Julie: You are correct, but does this mean you just want to give up the chance of going to college just because you look the same? You can also differentiate yourself by extracurricular activities, it does not only have to be academically.

Jessie: Okay fine. Now let’s talk about Block Schedule. I don’t believe it is necessary for high school because students have a hard time focusing for longer periods of time. It is also challenging for students to keep up with the fast pace of their classes, which only last a semester of the regular schedule.

Julie: Block Schedule prepares high school students for college.
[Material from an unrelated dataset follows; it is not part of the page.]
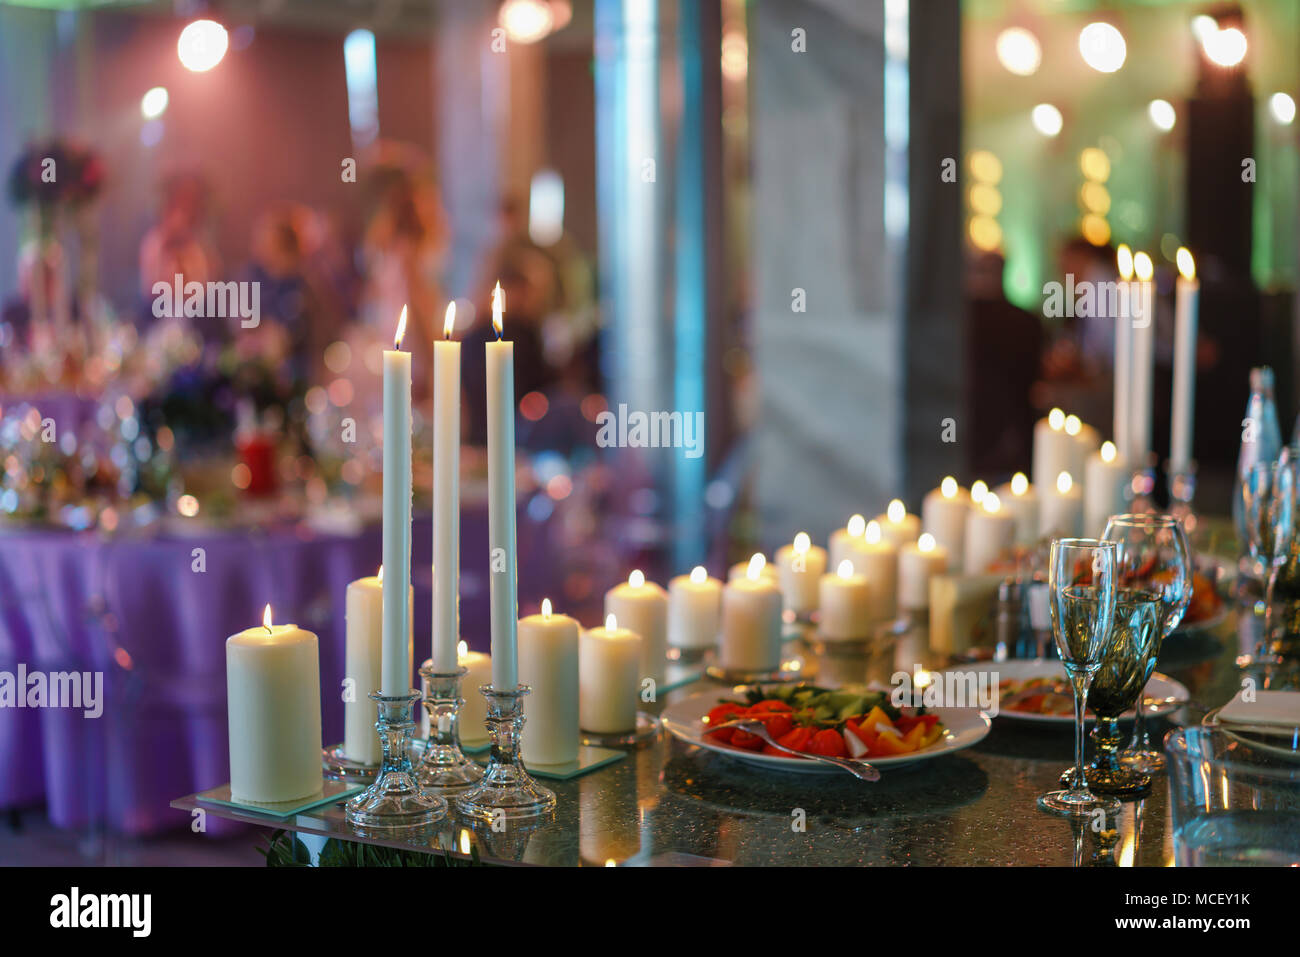 Brennende Kerze. Weiße Kerzen auf Glas Leuchter stehen auf den Tischen im  luxuriösen Hochzeitsempfang in Restaurant. Stilvolle Einrichtung und  Schmücken Stockfotografie - Alamy

Block Schedule classes are the same length of college classes, which prepares the high school students, so they will be used to the rigger in college.

Jessie: You have very good points, but I am sticking with my side. Good-bye!


Which side do you agree with? Comment below!


A Study Done on Sleep

Dr. Mary A. Carskadon and her colleagues conducted an experiment testing what would happen to sleep and circadian rhythms in a group of young people for whom the transition from junior high to high school required a change in school starting time from 8:25 am in junior high to 7:20 am in high school. For some background, the definition for circadian is, “being, having, characterized by, or occurring in approximately 24-hour periods or cycles (as of biological activity or function)”, according to Merriam-Webster’s medical dictionary. The experiment had 25 kids participate in the study at two time points, in the spring of 9th grade(still Junior High), and in the fall of 10th. The student maintained their usual schedules, wore small activity monitors, and kept account of their sleep schedules for two consecutive weeks. At the end, the participants were tested on 3 things. They were tested in melatonin secretion, then an overnight sleep study, and lastly, daytime testing.


The results that Dr. Carskadon and her colleagues found were the following:

On the average school morning, the students woke up earlier for high school in comparison, but only 25 minutes earlier, despite the 65 minute difference between starting times for both schools. They also found that all the kids, at both times, showed 10:40pm being their average time that their bodies would transition from full wakefulness to sleep, usually to the lightest of the non-REM sleep stages (REM stands for rapid eye movement) . The participants went from an average of 7 hours and 9 minutes of sleep, to 6 hours and 50 minutes, which may seem insignificant because it is only a 20 minute difference, but they were already suffering a lack of sleep. Keep in mind, the average teen needs 9.25 hours of sleep each night and 7 hours is the average amount of sleep teens are getting, not just in this particular study. None of the students tested even got 8.25 hours of sleep. Another result they got was that they tested all kids in the morning with a Multiple Sleep Latency Test (MSLT). The test can distinguish physical tiredness and true excessive daytime sleepiness and it mainly discovers how readily a person will fall asleep in a conductive setting. Nearly half of them showed a sleep pattern that is similar to the sleep disorder narcolepsy, which is moving immediately into REM sleep before non-REM sleep, a reverse order. None of the 12 students had narcolepsy, but they did have an off pattern between their circadian rhythms and their school day wake up times which makes sense because at 8:30 in the morning, they fell asleep within 3 minutes.


Therefore, if we start school at 8:00, and wake up at about 6:45, in order to get the 9.25 hours of sleep that every teen needs on average,  every kid would need to go to bed at 9:30. With school ending at 3, commuting home. having about an average of 2-4 hours of homework, afterschool sports or activities, family expectations,  and chores, it is very difficult to do all that, and still have enough time to eat, shower, and breathe, AND still get in bed by 9:15 to be asleep by 9:30.